Tiora duduk di salah satu bangku coffee shop, mengetuk-ngetukan telunjuk tangan kanannya selama beberapa kali. Tidak jarang, dia melihat ke kanan dan ke kiri sambil sesekali matanya memperhatikan beberapa orang berlalu lalang, keluar - masuk pintu utama mall di Jalan Merdeka ini. Dia menunggu Vania yang tengah sibuk melakukan pemesanan di kasir.
Vania ingin mentraktir satu cup kopi enak sambil melepaskan penat karena pekerjaan. Maklum saja, keduanya memang sudah tidak pulang ke tempat kos selama beberapa hari karena kesibukan di rumah sakit.
Beberapa kali mata Tiora melirik ke arah luar melalui kaca yang berada persis di sebelahnya, dan dia menyesal mengambil posisi duduk di tempat ini. Karena entah kenapa setiap dia memperhatikan suasana di jalan ini, dia jadi teringat dengan sosok pria yang bertemu dengan dirinya di restoran cepat saji, sebelah coffee shop ini.

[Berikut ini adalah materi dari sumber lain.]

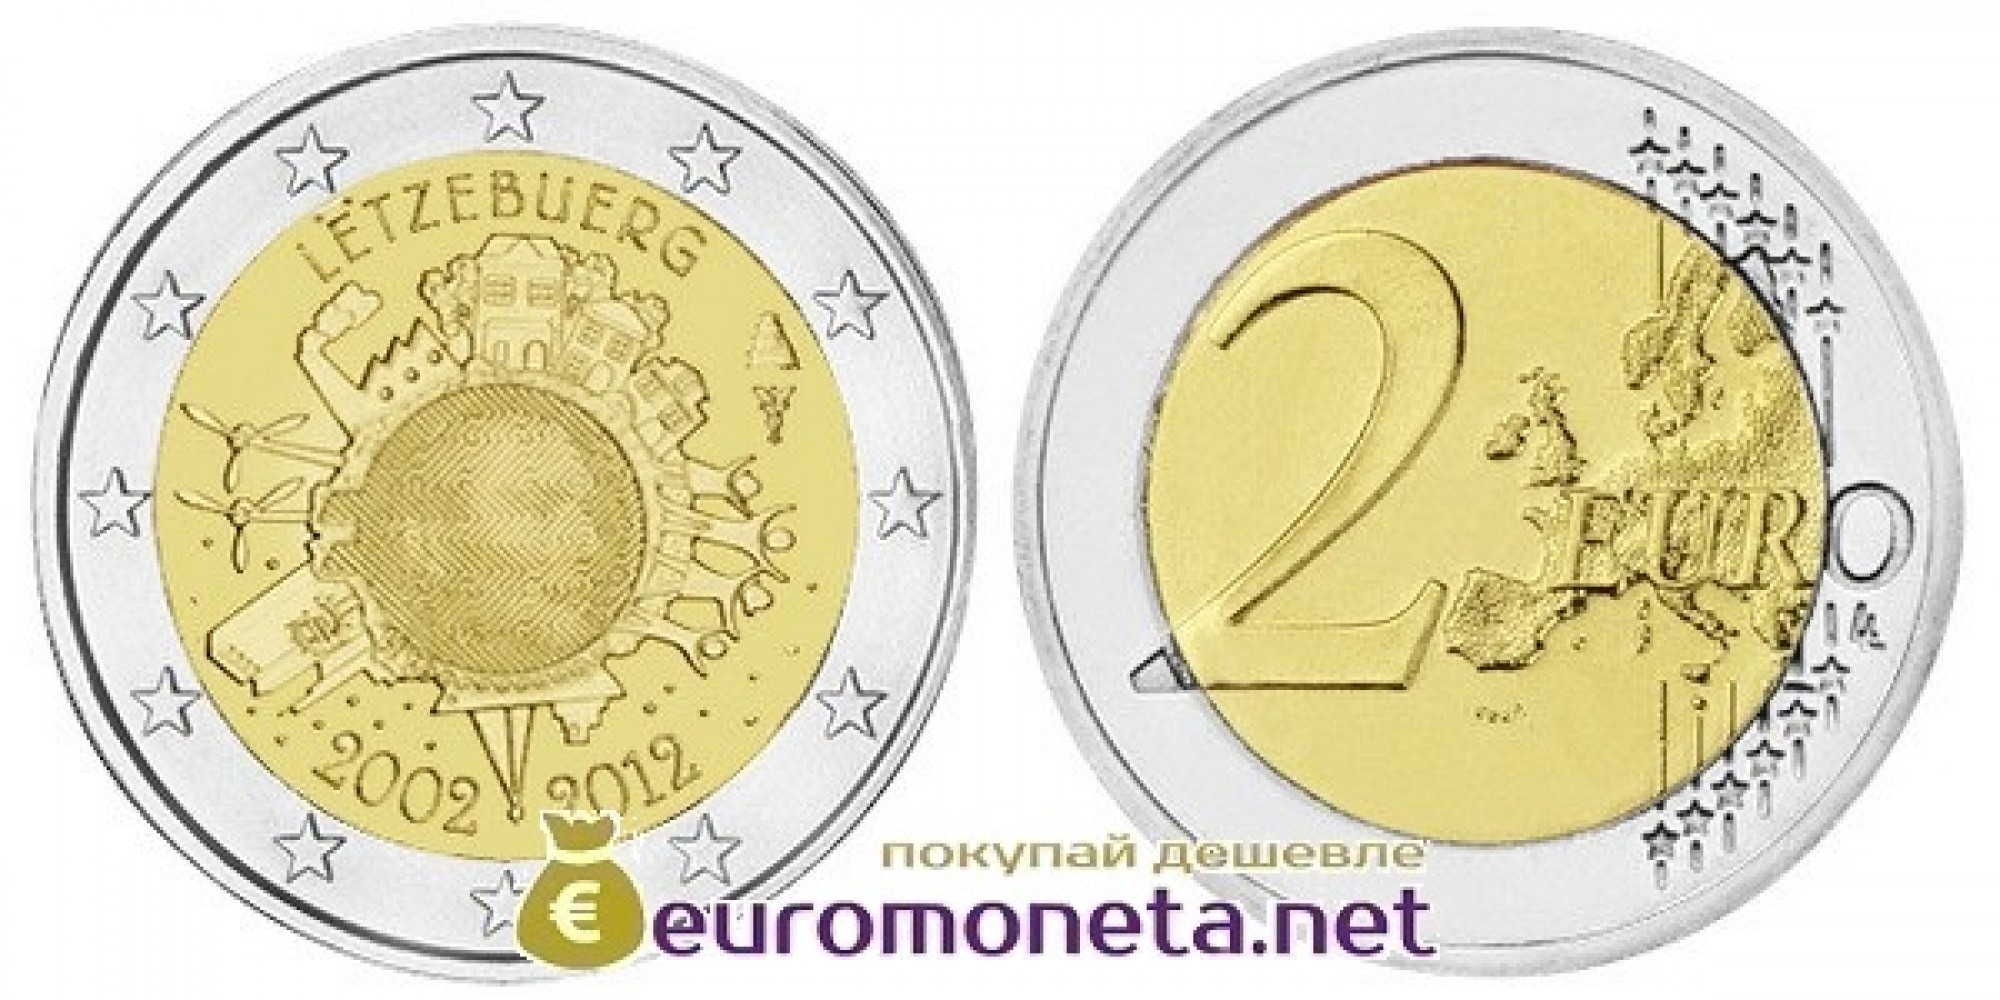 Люксембург 2 евро 2012 год 10 лет наличному обращению евро, биметалл АЦ из ролла

Beberapa detik kemudian, Tiora terkejut, matanya melihat si pria yang dia pikirkan tadi baru saja melangkah masuk ke dalam sana. Satu minggu sejak pertemuan terakhir mereka, pria itu masih membawa segudang pesona yang mampu membuat para wanita terpana.
"Eh, ada Vano tuh." ucap Vania saat dia tiba membawa minuman yang mereka pesan, perempuan itu memiringkan badan agar lebih leluasa memperhatikan Vano yang duduk tidak jauh dari meja mereka.

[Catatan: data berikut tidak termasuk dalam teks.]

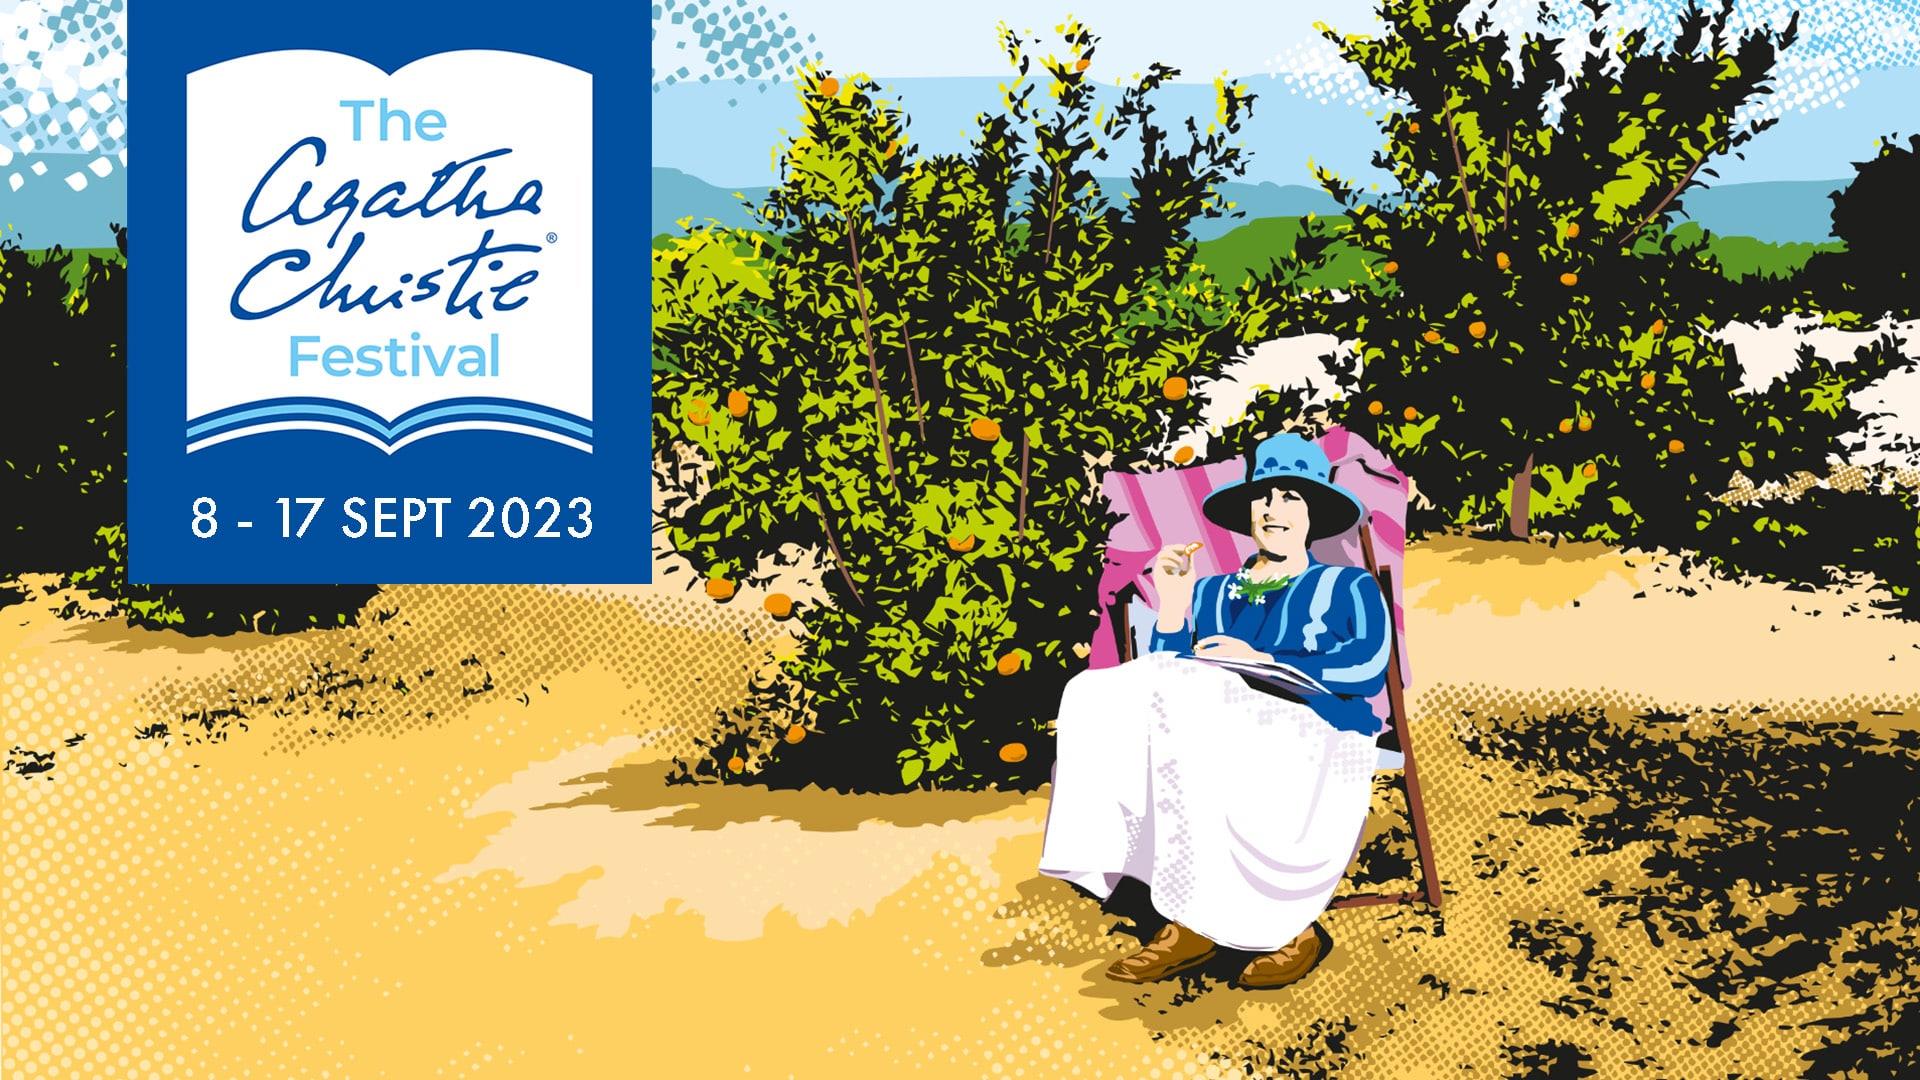 Agatha Christie Festival English Riviera Torquay, Paignton & Brixham

Tiora mengambil cup nya, beruntung Vania sibuk membuka sedotan sehingga dia kehilangan kesempatan untuk menggoda Tiora. Tiora segera mengalihkan pandangannya, berusaha menjaga ekspresinya untuk tetap tenang yang menurut Tiora, sedikit aneh.
"Heh, Ra. Ada Vano." ucap Vania sekali lagi, kali ini dengan tatapan seolah memberi kode pada Tiora.
"Iya, terus kenapa? Dia bukan siapa-siapa gue ini. Nggak penting." jawab Tiora cukup ketus. Mata cokelatnya memilih memandang pada cup coffee daripada harus menerima tatapan menyelidik dari Vania.
"Yakin nggak penting?" Vania menggosok ujung dagunya dengan jari, sambil tertawa kecil, tangannya bergerak mengambil garpu, memotong red velvet--kue kesukaannya dan mengunyah dengan pelan. "Gue yakin sebenarnya mata lo ini gatel pengen lihat dia. Cuma jaim aja."
Vania benar, pertahanan Tiora goyah. Pada akhirnya, matanya memilih untuk memperhatikan Vano. Pria itu sibuk membuka Macbook, memusatkan matanya pada layar--menampilkan desain yang terkejar deadline sambil sesekali meminum minuman yang dipesan. Bahkan, isi di dalam cup kopi itu hampir tandas.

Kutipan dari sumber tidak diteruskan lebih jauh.